Aun así, hasta esto tiene sus matices. Bien mirado, los movimientos animalistas tendrían que tomar cartas en el asunto de las meadas humanas, puesto que están privilegiadas sobre las de los perros domésticos. Cada vez son más los dueños, especialmente si son dueñas, que bendicen los orines de su mascota como manda la ordenanza: regándolos con un buen chorro de vinagre diluido o producto similar, para esconder su olor. Al hacerlo así, cumplen con la exigencia del Consistorio aunque, inopinadamente, el reguero resultante sobre el pavimento es aún más escandaloso que el de la meada primigenia. De este modo, cuanto más se prevengan los olores caninos más meada parecerá la ciudad. Lo que se viene conociendo como inesperados efectos secundarios o, también, hacer un pan como unas tortas. Otra consecuencia más de haber alicatado Guadalajara entera de granito.
En todo caso, los vermús de Nochebuena son un servicio público para el bienestar general, no lo dudemos. Ayudan a la caja de los hosteleros; fomentan la sociabilidad; justifican la necesidad de un servicio municipal de limpieza; a los más viejos les traen recuerdos de la infancia, como el de los urinarios que aún yacen sepultados bajo el suelo del Jardinillo. Y, sobre todo, a los miles y miles que se han apiñado entre barra y barra durante tan intensa jornada, les facilitan el trance de la cena familiar: no hay modo más sensato de sobrellevar a los cuñados que llegar cocido a casa.
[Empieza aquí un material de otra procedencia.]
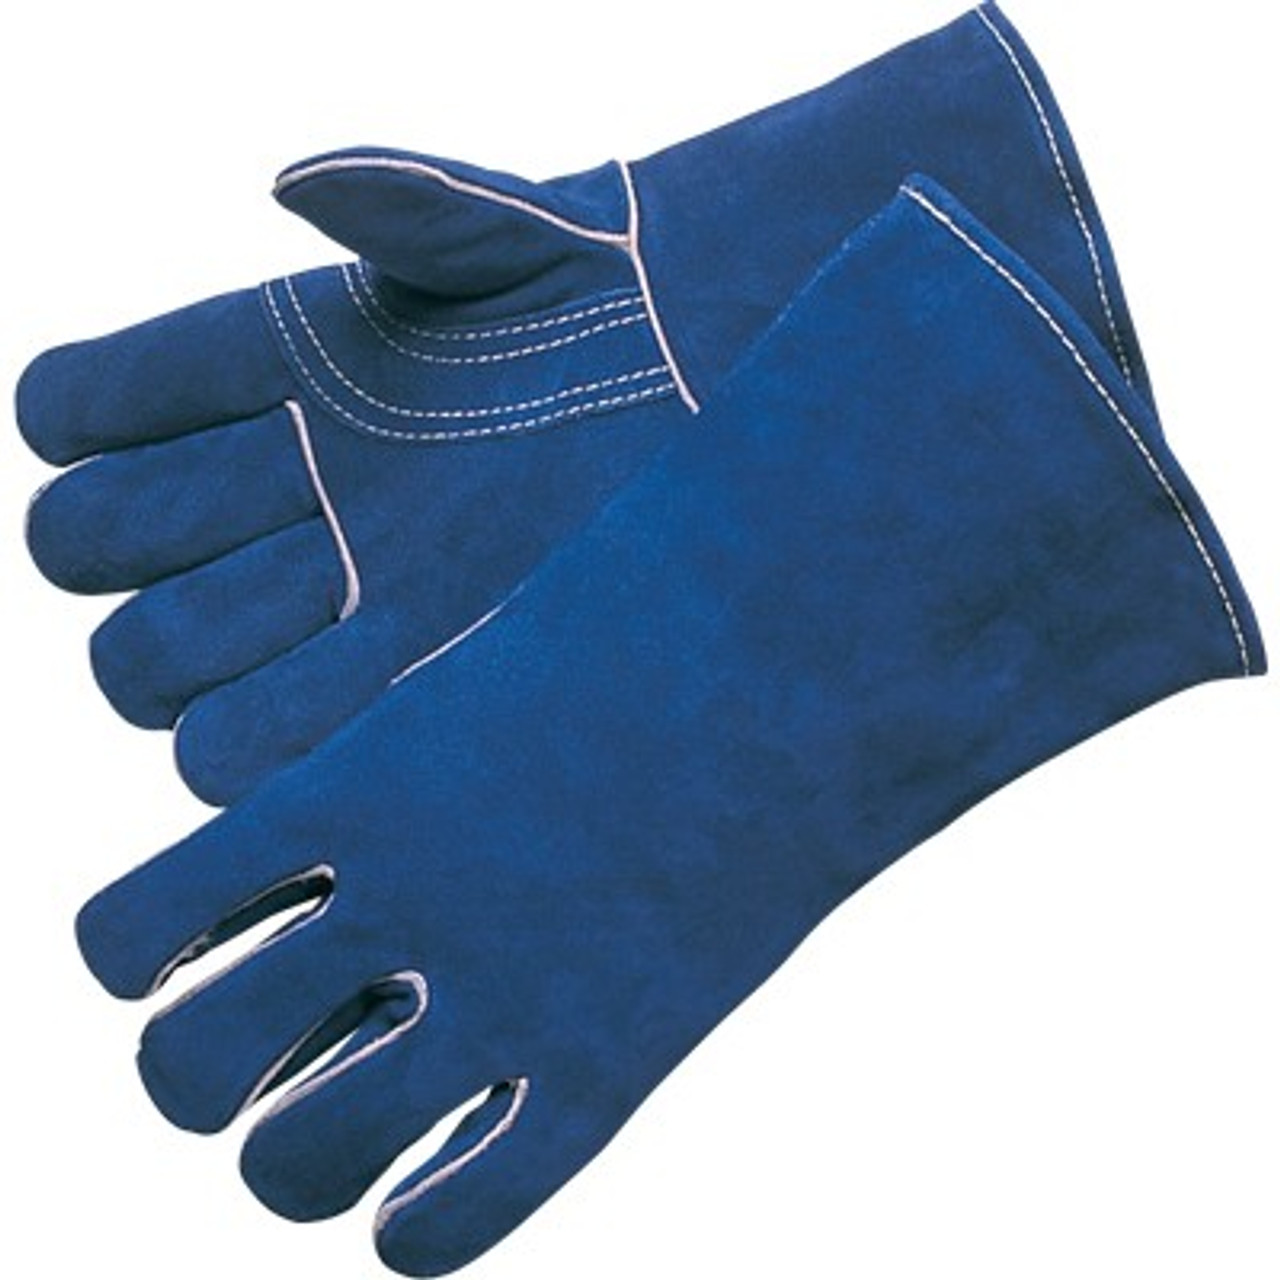 HANDS ON Fl2250-l, Genuine Grain Leather Half Finger Glove, Men's, Size: Large, Black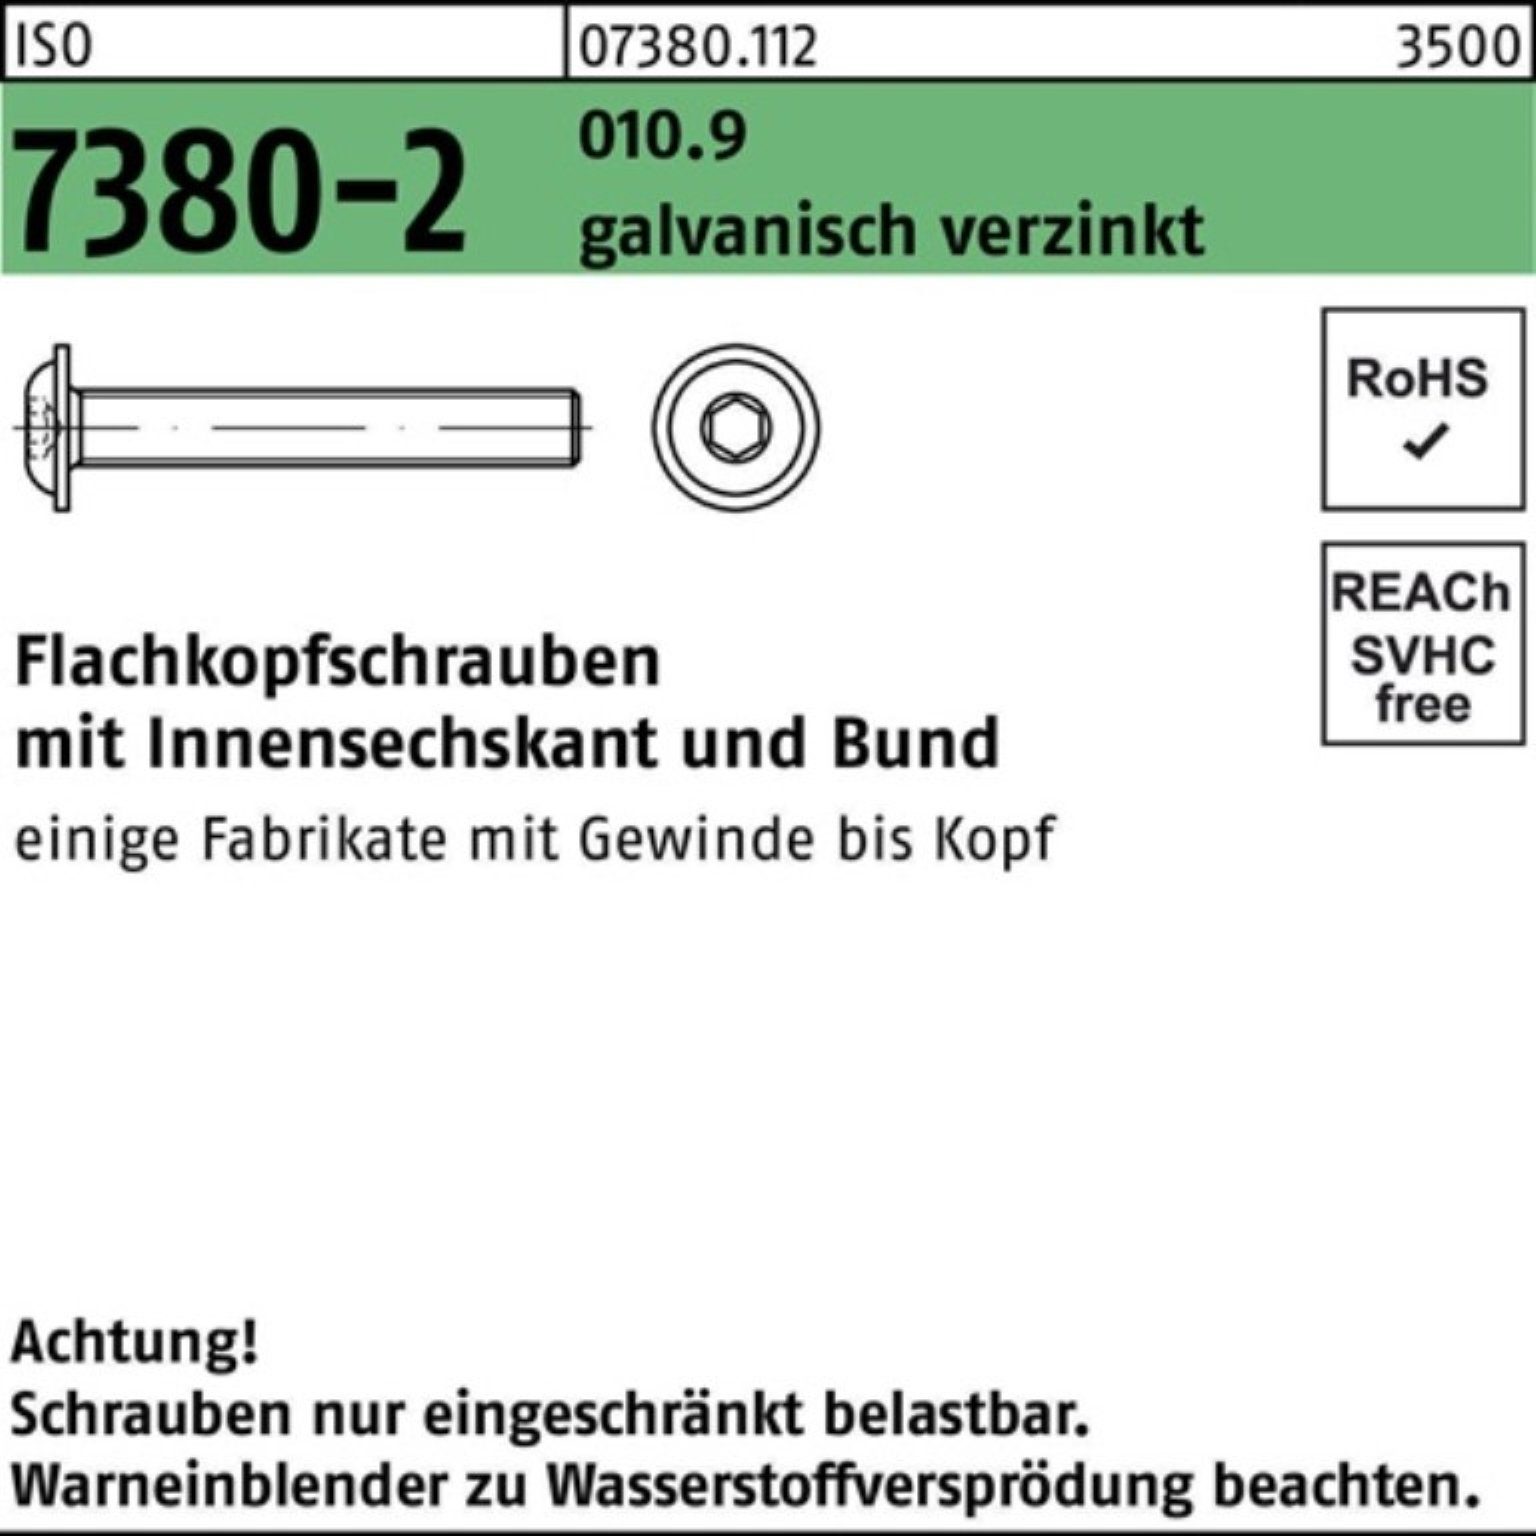 Reyher Schraube M10x20 Bund/Innen-6kt 010.9 ga 200er 7380-2 ISO Flachkopfschraube Pack

Entre el punto y el punto y medio es suficiente para practicar la evasión interior que facilita el alcohol y así soslayar las estupideces del adjunto de la silla de al lado; y hacerlo en silencio, con discreción y entereza para que tu madre no te arree una colleja o una mirada sumarísima, que es lo peor.
Una dosis adecuada de vermuteo guadalajareño nos mantendrá erguidos, sin necesidades perentorias de acudir al cuarto de baño ni siquiera durante el discurso de Felipe VI. Algunos han conseguido grandes habilidades al respecto, tras duros entrenamientos durante los últimos años.
Ténganlo en cuenta. Sobre todo, a la hora de mear: ni hacerlo sobre el zapato propio ni sobre pared ajena. Es la norma de la nueva urbanidad.